I'm trying to scrape data from this review site. It first go through first page, check if there's a 2nd page then go to it too. Problem is when getting to 2nd page. Page takes time to update and I still get the first page's data instead of 2nd
For example, if you go here, you will see how it takes time to load page 2 data
I tried to put a timeout or sleep but didn't work. Prefer a solution with minimal package/browser dependency (like webdriver.PhantomJS()
) as I need to run this code on my employer's environment and not sure if I can use it.
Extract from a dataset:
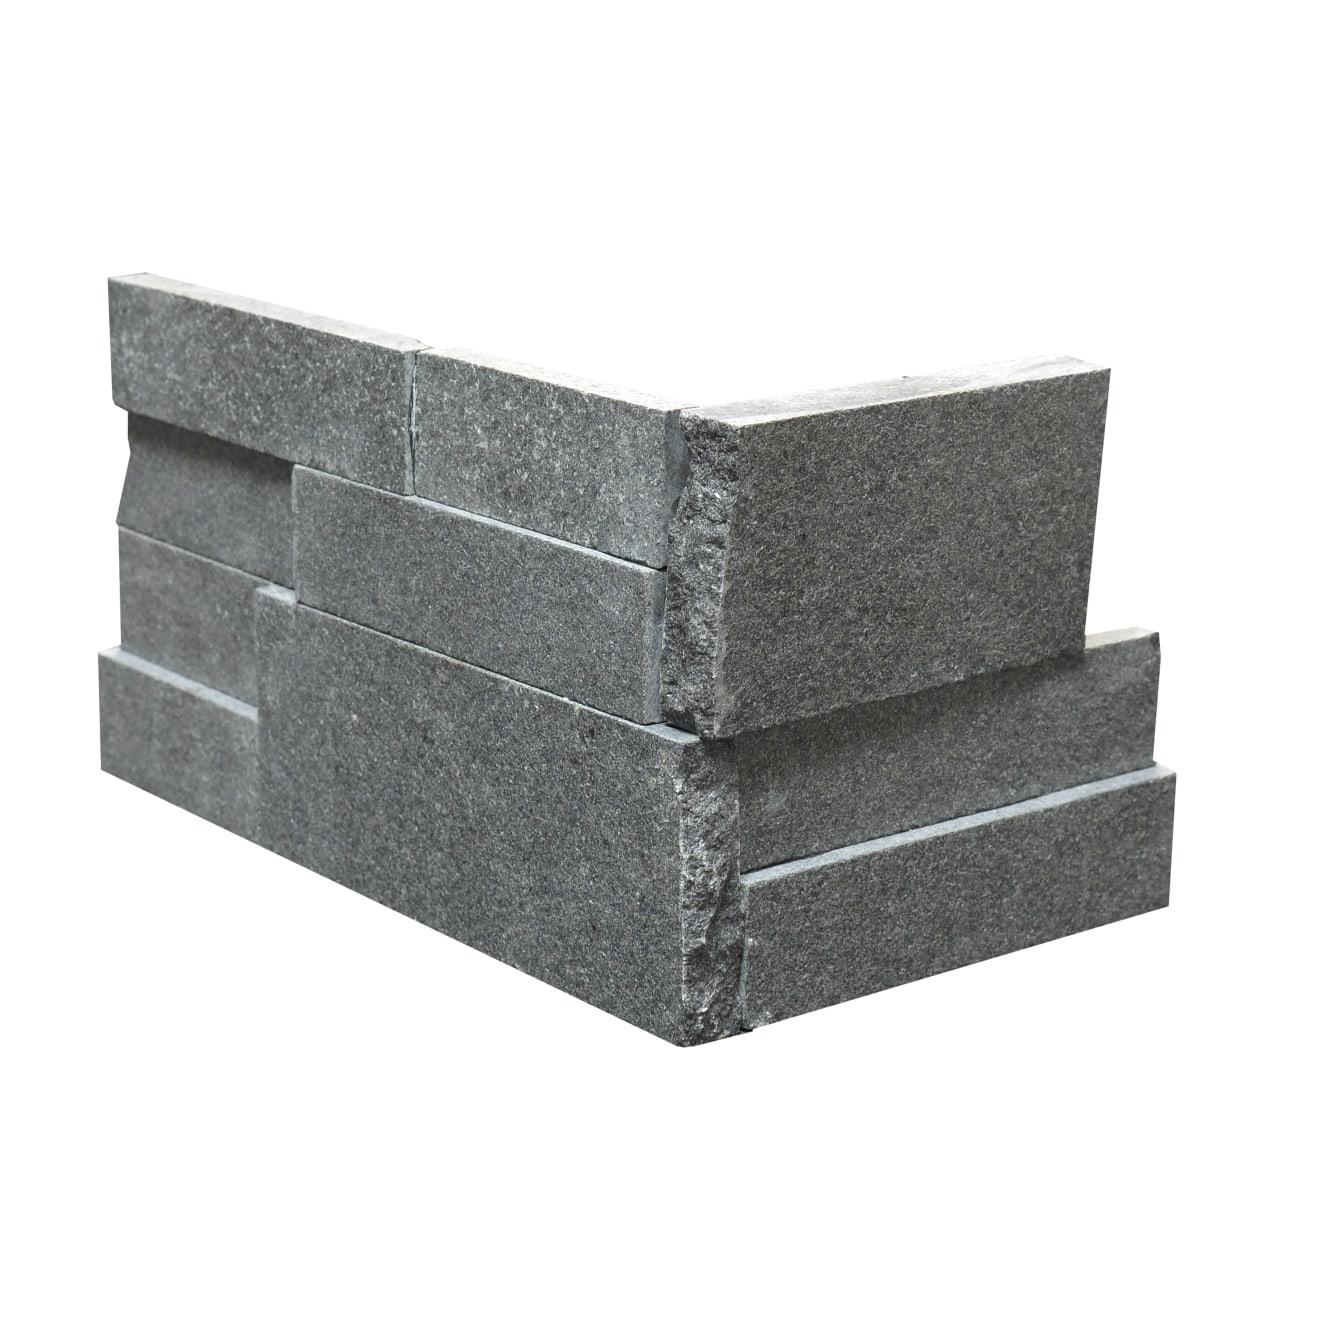 "Absolute Black 6"" x 24"" Flamed Granite Ledger Corner"

Thank you!!
from urllib.request import Request, urlopen
from time import sleep
from socket import timeout
req = Request(softwareadvice, headers={'User-Agent': 'Mozilla/5.0'})
web_byte = urlopen(req, timeout=10).read()
webpage = web_byte.decode('utf-8')
parsed_html = BeautifulSoup(webpage, features="lxml")
true=parsed_html.find('div', {'class':['Grid-cell--1of12 pagination-arrows pagination-arrows-right']})
while(true):
true = parsed_html.find('div', {'class':['Grid-cell--1of12 pagination-arrows pagination-arrows-right']})
if(not True):
true=False
else:
req = Request(softwareadvice+'?review.page=2', headers=hdr)
sleep(10)
webpage = urlopen(req, timeout=10)
sleep(10)
webpage = webpage.read().decode('utf-8')
parsed_html = BeautifulSoup(webpage, features="lxml")